« Aujourd’hui je me noie. Il ne s’agit pas d’une allégorie, je me noie dans l’eau verte d’un lac artificiel situé dans les environs de Dijon. Le récit exact de ce qu’auront été les quinze derniers jours de ma vie n’apporterait aucun éclairage sur les circonstances de ma noyade. Je suis entré volontairement dans l’eau, je sais nager et je ne suis sous l’empire de rien du tout, d’aucun état de quoi que ce soit. Il s’agit d’une crampe ; aucun enchaînement fatidique derrière tout ça. »
Mis face à la mort par sa noyade fortuite, un topographe de l’INRAP passionné d’archéologie se remémore les événements, petits ou grands, fugaces ou signifiants, qui ont composé sa vie. Résigné à sa fin prochaine, il tente d’en dégager le sens, de maquiller le banal accident en tragédie. Mais à travers ce monologue désabusé, cynique et grinçant, qui glisse fatalement vers l’absurde, il ne parviendra qu’à saisir sa propre inanité.

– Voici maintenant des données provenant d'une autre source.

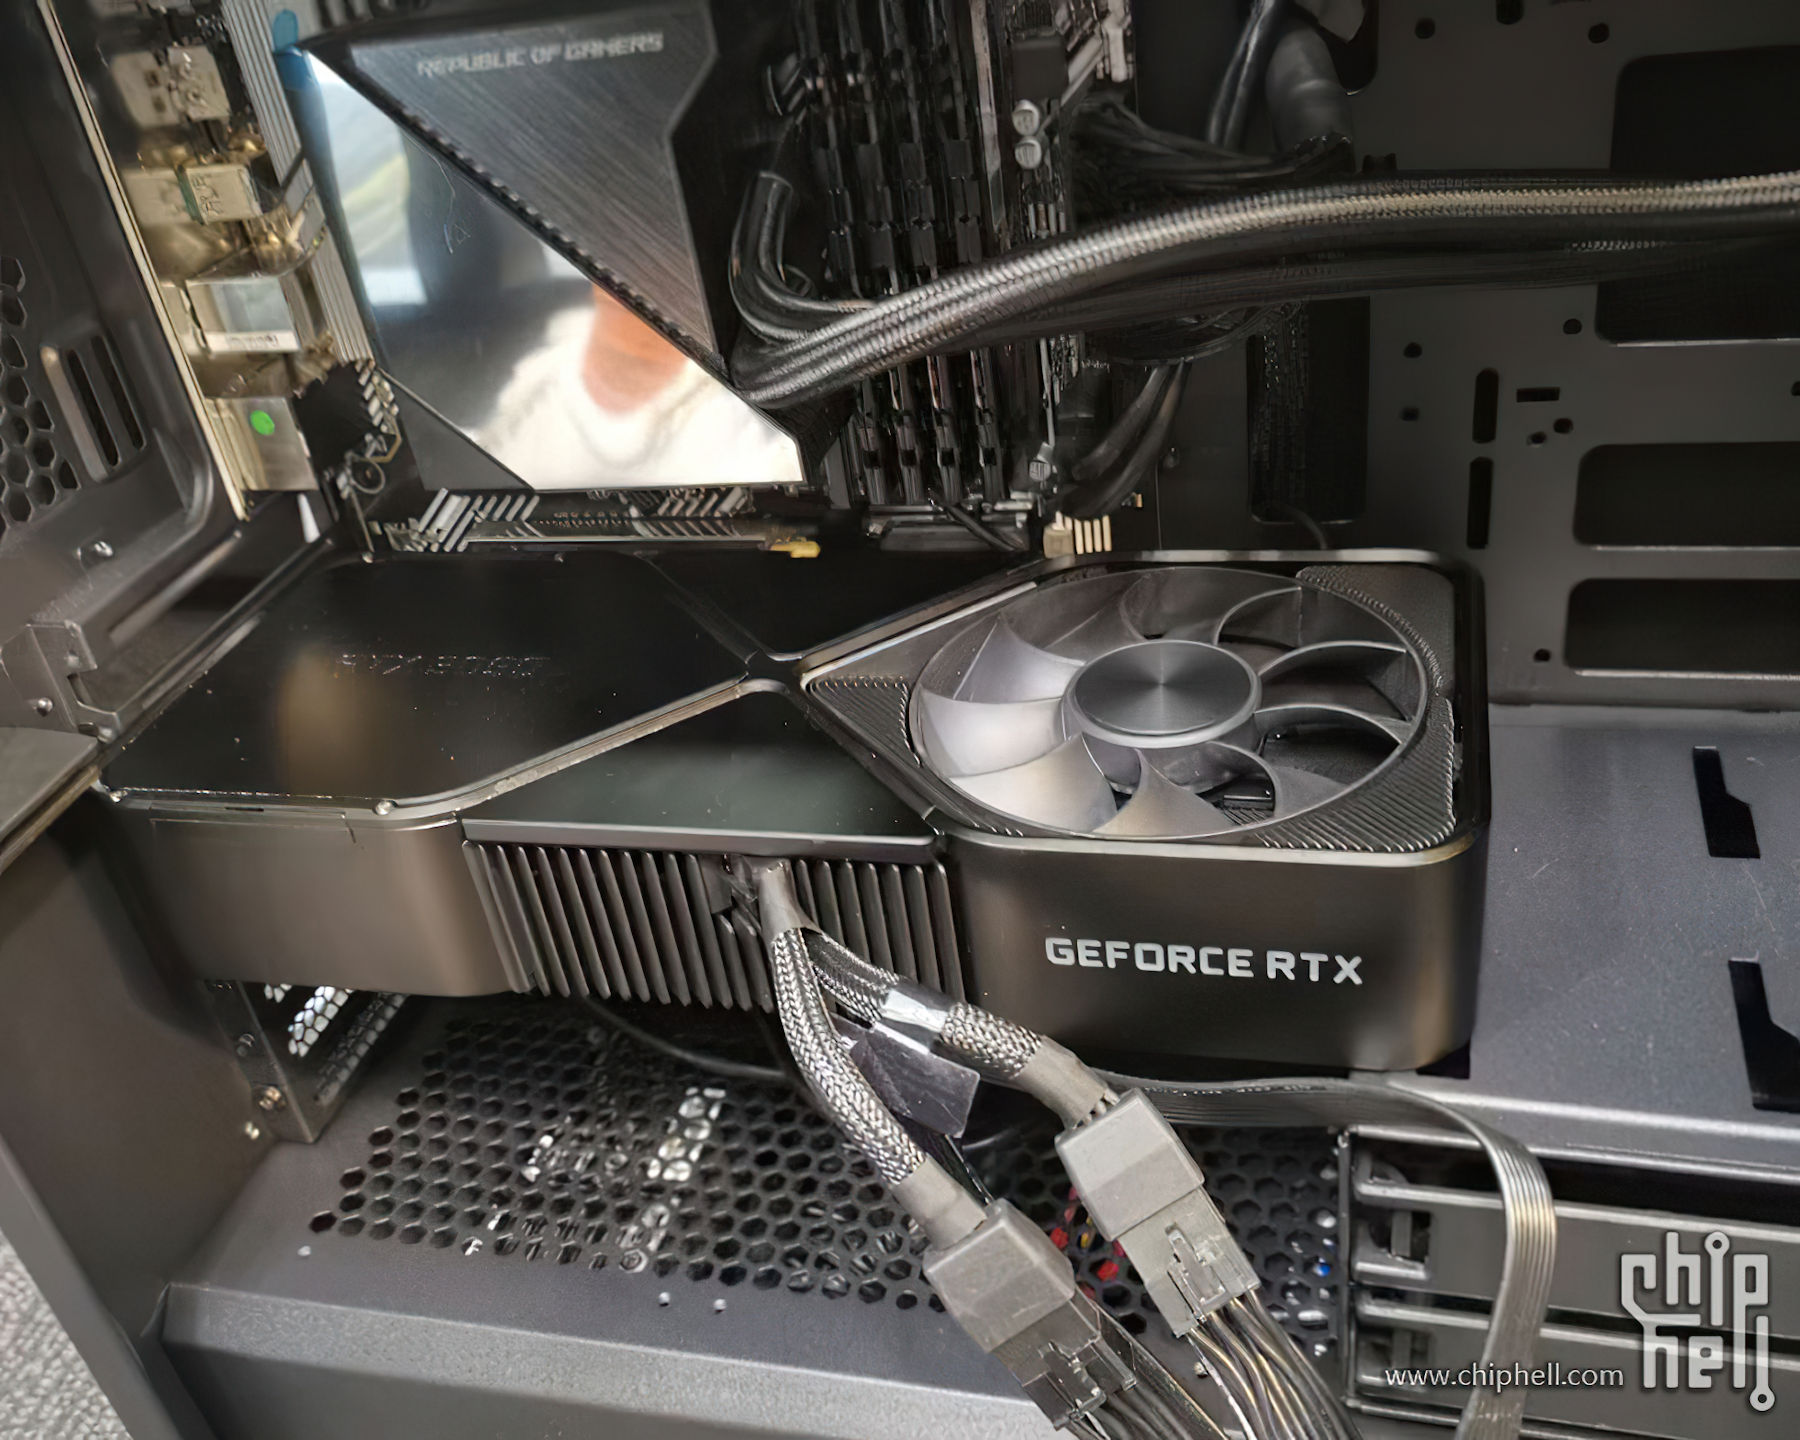 This Is How Nvidia Geforce Rtx 3090 Looks In A Case

Un roman rempli d’un humour noir, intelligent et acerbe, qui se développe par à-coups, au rythme des répétitions obsessives et des aveux convulsifs d’un homme qui se sait condamné. Bertrand Belin, que l’on connaît déjà en tant qu’auteur-compositeur, se révèle en romancier remarquable, à la plume drôle et lucide. Une lecture profonde et décalée qui navigue entre le trivial et le métaphysique.